<<<<

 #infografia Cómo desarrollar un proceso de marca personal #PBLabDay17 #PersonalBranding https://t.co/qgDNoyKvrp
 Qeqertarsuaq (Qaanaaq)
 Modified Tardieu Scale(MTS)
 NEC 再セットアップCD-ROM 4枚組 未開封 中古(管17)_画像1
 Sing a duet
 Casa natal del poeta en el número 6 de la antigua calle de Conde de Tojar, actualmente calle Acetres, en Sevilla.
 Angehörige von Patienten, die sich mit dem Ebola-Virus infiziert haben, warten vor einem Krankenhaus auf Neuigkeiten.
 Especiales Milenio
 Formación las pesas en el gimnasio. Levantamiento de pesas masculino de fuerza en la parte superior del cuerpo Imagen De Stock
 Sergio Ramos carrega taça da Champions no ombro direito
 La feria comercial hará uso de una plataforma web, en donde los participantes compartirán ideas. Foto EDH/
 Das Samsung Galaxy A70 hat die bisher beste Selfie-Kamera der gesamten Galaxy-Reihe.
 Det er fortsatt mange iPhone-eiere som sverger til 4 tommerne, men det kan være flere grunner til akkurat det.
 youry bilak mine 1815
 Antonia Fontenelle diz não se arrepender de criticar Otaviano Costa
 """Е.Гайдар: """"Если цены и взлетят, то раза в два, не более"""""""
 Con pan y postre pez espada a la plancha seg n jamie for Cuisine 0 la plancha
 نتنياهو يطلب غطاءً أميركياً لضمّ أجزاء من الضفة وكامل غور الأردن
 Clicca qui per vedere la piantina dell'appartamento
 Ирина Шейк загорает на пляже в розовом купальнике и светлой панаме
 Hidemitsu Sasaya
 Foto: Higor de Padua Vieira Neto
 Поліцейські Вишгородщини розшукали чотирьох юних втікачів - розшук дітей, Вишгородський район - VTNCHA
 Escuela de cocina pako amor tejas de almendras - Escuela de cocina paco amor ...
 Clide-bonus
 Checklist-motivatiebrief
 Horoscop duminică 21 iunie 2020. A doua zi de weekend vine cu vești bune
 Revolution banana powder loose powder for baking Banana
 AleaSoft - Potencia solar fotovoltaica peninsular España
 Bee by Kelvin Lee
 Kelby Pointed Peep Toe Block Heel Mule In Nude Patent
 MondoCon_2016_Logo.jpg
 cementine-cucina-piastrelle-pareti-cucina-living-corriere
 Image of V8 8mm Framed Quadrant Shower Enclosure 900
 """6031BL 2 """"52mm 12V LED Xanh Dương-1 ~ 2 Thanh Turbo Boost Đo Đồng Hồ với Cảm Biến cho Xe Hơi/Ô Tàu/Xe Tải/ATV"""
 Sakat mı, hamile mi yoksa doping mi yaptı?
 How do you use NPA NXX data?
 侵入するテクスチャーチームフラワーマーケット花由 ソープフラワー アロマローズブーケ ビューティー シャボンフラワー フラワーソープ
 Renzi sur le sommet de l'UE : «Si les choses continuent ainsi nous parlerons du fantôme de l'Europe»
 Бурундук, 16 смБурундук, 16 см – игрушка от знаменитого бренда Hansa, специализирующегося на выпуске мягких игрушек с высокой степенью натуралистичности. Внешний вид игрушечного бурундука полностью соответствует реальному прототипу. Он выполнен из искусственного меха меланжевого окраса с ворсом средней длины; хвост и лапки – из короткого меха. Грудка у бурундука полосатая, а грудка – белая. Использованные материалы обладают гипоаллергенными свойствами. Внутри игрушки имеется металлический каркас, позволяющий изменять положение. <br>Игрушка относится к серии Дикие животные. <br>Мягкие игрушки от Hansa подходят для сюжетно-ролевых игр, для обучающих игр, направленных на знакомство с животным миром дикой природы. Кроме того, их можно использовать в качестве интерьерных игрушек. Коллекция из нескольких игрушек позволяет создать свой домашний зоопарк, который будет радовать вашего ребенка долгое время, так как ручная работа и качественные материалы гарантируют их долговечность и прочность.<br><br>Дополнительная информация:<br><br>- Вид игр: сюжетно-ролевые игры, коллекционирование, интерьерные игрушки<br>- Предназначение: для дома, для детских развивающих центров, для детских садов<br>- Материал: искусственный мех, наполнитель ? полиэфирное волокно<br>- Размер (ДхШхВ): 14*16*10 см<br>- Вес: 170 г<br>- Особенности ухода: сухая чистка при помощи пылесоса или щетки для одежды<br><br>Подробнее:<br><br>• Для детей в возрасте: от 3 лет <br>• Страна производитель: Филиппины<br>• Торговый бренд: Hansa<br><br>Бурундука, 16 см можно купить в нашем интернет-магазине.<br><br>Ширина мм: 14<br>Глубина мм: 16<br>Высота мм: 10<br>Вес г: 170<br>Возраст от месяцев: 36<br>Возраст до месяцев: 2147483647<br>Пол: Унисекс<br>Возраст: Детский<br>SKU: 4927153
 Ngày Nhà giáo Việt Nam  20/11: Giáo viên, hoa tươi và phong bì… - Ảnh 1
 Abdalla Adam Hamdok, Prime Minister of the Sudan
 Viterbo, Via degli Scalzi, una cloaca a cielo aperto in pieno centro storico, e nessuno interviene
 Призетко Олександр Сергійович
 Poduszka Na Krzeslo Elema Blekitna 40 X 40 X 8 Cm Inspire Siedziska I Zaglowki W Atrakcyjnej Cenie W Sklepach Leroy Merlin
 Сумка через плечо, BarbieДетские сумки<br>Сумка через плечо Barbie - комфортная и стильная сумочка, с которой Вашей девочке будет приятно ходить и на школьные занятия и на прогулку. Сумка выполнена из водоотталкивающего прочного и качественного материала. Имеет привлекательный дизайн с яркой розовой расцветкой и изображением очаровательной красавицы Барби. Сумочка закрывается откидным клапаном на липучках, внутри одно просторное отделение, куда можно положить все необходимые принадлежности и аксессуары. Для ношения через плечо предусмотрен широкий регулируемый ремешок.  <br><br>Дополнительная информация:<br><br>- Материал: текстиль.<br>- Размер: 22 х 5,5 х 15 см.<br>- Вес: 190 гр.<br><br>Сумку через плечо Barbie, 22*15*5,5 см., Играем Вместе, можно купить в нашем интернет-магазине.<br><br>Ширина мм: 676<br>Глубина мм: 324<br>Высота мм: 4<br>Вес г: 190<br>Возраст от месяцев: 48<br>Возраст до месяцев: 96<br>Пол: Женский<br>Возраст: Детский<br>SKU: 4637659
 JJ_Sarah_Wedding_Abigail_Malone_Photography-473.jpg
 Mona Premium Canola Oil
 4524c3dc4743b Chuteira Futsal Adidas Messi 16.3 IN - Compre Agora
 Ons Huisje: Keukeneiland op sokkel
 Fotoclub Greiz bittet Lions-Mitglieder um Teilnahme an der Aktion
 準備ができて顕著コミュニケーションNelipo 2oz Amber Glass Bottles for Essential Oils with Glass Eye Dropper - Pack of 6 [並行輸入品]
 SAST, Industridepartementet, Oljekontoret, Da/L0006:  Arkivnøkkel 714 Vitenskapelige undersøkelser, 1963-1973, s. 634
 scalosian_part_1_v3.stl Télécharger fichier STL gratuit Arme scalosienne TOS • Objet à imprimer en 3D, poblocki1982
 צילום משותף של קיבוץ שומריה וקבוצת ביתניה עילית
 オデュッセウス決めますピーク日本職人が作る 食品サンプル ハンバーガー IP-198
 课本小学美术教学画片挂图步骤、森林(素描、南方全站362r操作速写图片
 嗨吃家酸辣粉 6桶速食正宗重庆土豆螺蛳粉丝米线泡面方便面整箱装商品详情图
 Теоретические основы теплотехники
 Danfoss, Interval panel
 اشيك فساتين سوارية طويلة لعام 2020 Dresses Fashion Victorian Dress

>>>>

▶ **PROBLEM TO WORK ON**:
The complete listing must be reproduced exactly as written.

▶ **EXPECTED OUTPUT**:
 #infografia Cómo desarrollar un proceso de marca personal #PBLabDay17 #PersonalBranding https://t.co/qgDNoyKvrp
 Qeqertarsuaq (Qaanaaq)
 Modified Tardieu Scale(MTS)
 NEC 再セットアップCD-ROM 4枚組 未開封 中古(管17)_画像1
 Sing a duet
 Casa natal del poeta en el número 6 de la antigua calle de Conde de Tojar, actualmente calle Acetres, en Sevilla.
 Angehörige von Patienten, die sich mit dem Ebola-Virus infiziert haben, warten vor einem Krankenhaus auf Neuigkeiten.
 Especiales Milenio
 Formación las pesas en el gimnasio. Levantamiento de pesas masculino de fuerza en la parte superior del cuerpo Imagen De Stock
 Sergio Ramos carrega taça da Champions no ombro direito
 La feria comercial hará uso de una plataforma web, en donde los participantes compartirán ideas. Foto EDH/
 Das Samsung Galaxy A70 hat die bisher beste Selfie-Kamera der gesamten Galaxy-Reihe.
 Det er fortsatt mange iPhone-eiere som sverger til 4 tommerne, men det kan være flere grunner til akkurat det.
 youry bilak mine 1815
 Antonia Fontenelle diz não se arrepender de criticar Otaviano Costa
 """Е.Гайдар: """"Если цены и взлетят, то раза в два, не более"""""""
 Con pan y postre pez espada a la plancha seg n jamie for Cuisine 0 la plancha
 نتنياهو يطلب غطاءً أميركياً لضمّ أجزاء من الضفة وكامل غور الأردن
 Clicca qui per vedere la piantina dell'appartamento
 Ирина Шейк загорает на пляже в розовом купальнике и светлой панаме
 Hidemitsu Sasaya
 Foto: Higor de Padua Vieira Neto
 Поліцейські Вишгородщини розшукали чотирьох юних втікачів - розшук дітей, Вишгородський район - VTNCHA
 Escuela de cocina pako amor tejas de almendras - Escuela de cocina paco amor ...
 Clide-bonus
 Checklist-motivatiebrief
 Horoscop duminică 21 iunie 2020. A doua zi de weekend vine cu vești bune
 Revolution banana powder loose powder for baking Banana
 AleaSoft - Potencia solar fotovoltaica peninsular España
 Bee by Kelvin Lee
 Kelby Pointed Peep Toe Block Heel Mule In Nude Patent
 MondoCon_2016_Logo.jpg
 cementine-cucina-piastrelle-pareti-cucina-living-corriere
 Image of V8 8mm Framed Quadrant Shower Enclosure 900
 """6031BL 2 """"52mm 12V LED Xanh Dương-1 ~ 2 Thanh Turbo Boost Đo Đồng Hồ với Cảm Biến cho Xe Hơi/Ô Tàu/Xe Tải/ATV"""
 Sakat mı, hamile mi yoksa doping mi yaptı?
 How do you use NPA NXX data?
 侵入するテクスチャーチームフラワーマーケット花由 ソープフラワー アロマローズブーケ ビューティー シャボンフラワー フラワーソープ
 Renzi sur le sommet de l'UE : «Si les choses continuent ainsi nous parlerons du fantôme de l'Europe»
 Бурундук, 16 смБурундук, 16 см – игрушка от знаменитого бренда Hansa, специализирующегося на выпуске мягких игрушек с высокой степенью натуралистичности. Внешний вид игрушечного бурундука полностью соответствует реальному прототипу. Он выполнен из искусственного меха меланжевого окраса с ворсом средней длины; хвост и лапки – из короткого меха. Грудка у бурундука полосатая, а грудка – белая. Использованные материалы обладают гипоаллергенными свойствами. Внутри игрушки имеется металлический каркас, позволяющий изменять положение. <br>Игрушка относится к серии Дикие животные. <br>Мягкие игрушки от Hansa подходят для сюжетно-ролевых игр, для обучающих игр, направленных на знакомство с животным миром дикой природы. Кроме того, их можно использовать в качестве интерьерных игрушек. Коллекция из нескольких игрушек позволяет создать свой домашний зоопарк, который будет радовать вашего ребенка долгое время, так как ручная работа и качественные материалы гарантируют их долговечность и прочность.<br><br>Дополнительная информация:<br><br>- Вид игр: сюжетно-ролевые игры, коллекционирование, интерьерные игрушки<br>- Предназначение: для дома, для детских развивающих центров, для детских садов<br>- Материал: искусственный мех, наполнитель ? полиэфирное волокно<br>- Размер (ДхШхВ): 14*16*10 см<br>- Вес: 170 г<br>- Особенности ухода: сухая чистка при помощи пылесоса или щетки для одежды<br><br>Подробнее:<br><br>• Для детей в возрасте: от 3 лет <br>• Страна производитель: Филиппины<br>• Торговый бренд: Hansa<br><br>Бурундука, 16 см можно купить в нашем интернет-магазине.<br><br>Ширина мм: 14<br>Глубина мм: 16<br>Высота мм: 10<br>Вес г: 170<br>Возраст от месяцев: 36<br>Возраст до месяцев: 2147483647<br>Пол: Унисекс<br>Возраст: Детский<br>SKU: 4927153
 Ngày Nhà giáo Việt Nam  20/11: Giáo viên, hoa tươi và phong bì… - Ảnh 1
 Abdalla Adam Hamdok, Prime Minister of the Sudan
 Viterbo, Via degli Scalzi, una cloaca a cielo aperto in pieno centro storico, e nessuno interviene
 Призетко Олександр Сергійович
 Poduszka Na Krzeslo Elema Blekitna 40 X 40 X 8 Cm Inspire Siedziska I Zaglowki W Atrakcyjnej Cenie W Sklepach Leroy Merlin
 Сумка через плечо, BarbieДетские сумки<br>Сумка через плечо Barbie - комфортная и стильная сумочка, с которой Вашей девочке будет приятно ходить и на школьные занятия и на прогулку. Сумка выполнена из водоотталкивающего прочного и качественного материала. Имеет привлекательный дизайн с яркой розовой расцветкой и изображением очаровательной красавицы Барби. Сумочка закрывается откидным клапаном на липучках, внутри одно просторное отделение, куда можно положить все необходимые принадлежности и аксессуары. Для ношения через плечо предусмотрен широкий регулируемый ремешок.  <br><br>Дополнительная информация:<br><br>- Материал: текстиль.<br>- Размер: 22 х 5,5 х 15 см.<br>- Вес: 190 гр.<br><br>Сумку через плечо Barbie, 22*15*5,5 см., Играем Вместе, можно купить в нашем интернет-магазине.<br><br>Ширина мм: 676<br>Глубина мм: 324<br>Высота мм: 4<br>Вес г: 190<br>Возраст от месяцев: 48<br>Возраст до месяцев: 96<br>Пол: Женский<br>Возраст: Детский<br>SKU: 4637659
 JJ_Sarah_Wedding_Abigail_Malone_Photography-473.jpg
 Mona Premium Canola Oil
 4524c3dc4743b Chuteira Futsal Adidas Messi 16.3 IN - Compre Agora
 Ons Huisje: Keukeneiland op sokkel
 Fotoclub Greiz bittet Lions-Mitglieder um Teilnahme an der Aktion
 準備ができて顕著コミュニケーションNelipo 2oz Amber Glass Bottles for Essential Oils with Glass Eye Dropper - Pack of 6 [並行輸入品]
 SAST, Industridepartementet, Oljekontoret, Da/L0006:  Arkivnøkkel 714 Vitenskapelige undersøkelser, 1963-1973, s. 634
 scalosian_part_1_v3.stl Télécharger fichier STL gratuit Arme scalosienne TOS • Objet à imprimer en 3D, poblocki1982
 צילום משותף של קיבוץ שומריה וקבוצת ביתניה עילית
 オデュッセウス決めますピーク日本職人が作る 食品サンプル ハンバーガー IP-198
 课本小学美术教学画片挂图步骤、森林(素描、南方全站362r操作速写图片
 嗨吃家酸辣粉 6桶速食正宗重庆土豆螺蛳粉丝米线泡面方便面整箱装商品详情图
 Теоретические основы теплотехники
 Danfoss, Interval panel
 اشيك فساتين سوارية طويلة لعام 2020 Dresses Fashion Victorian Dress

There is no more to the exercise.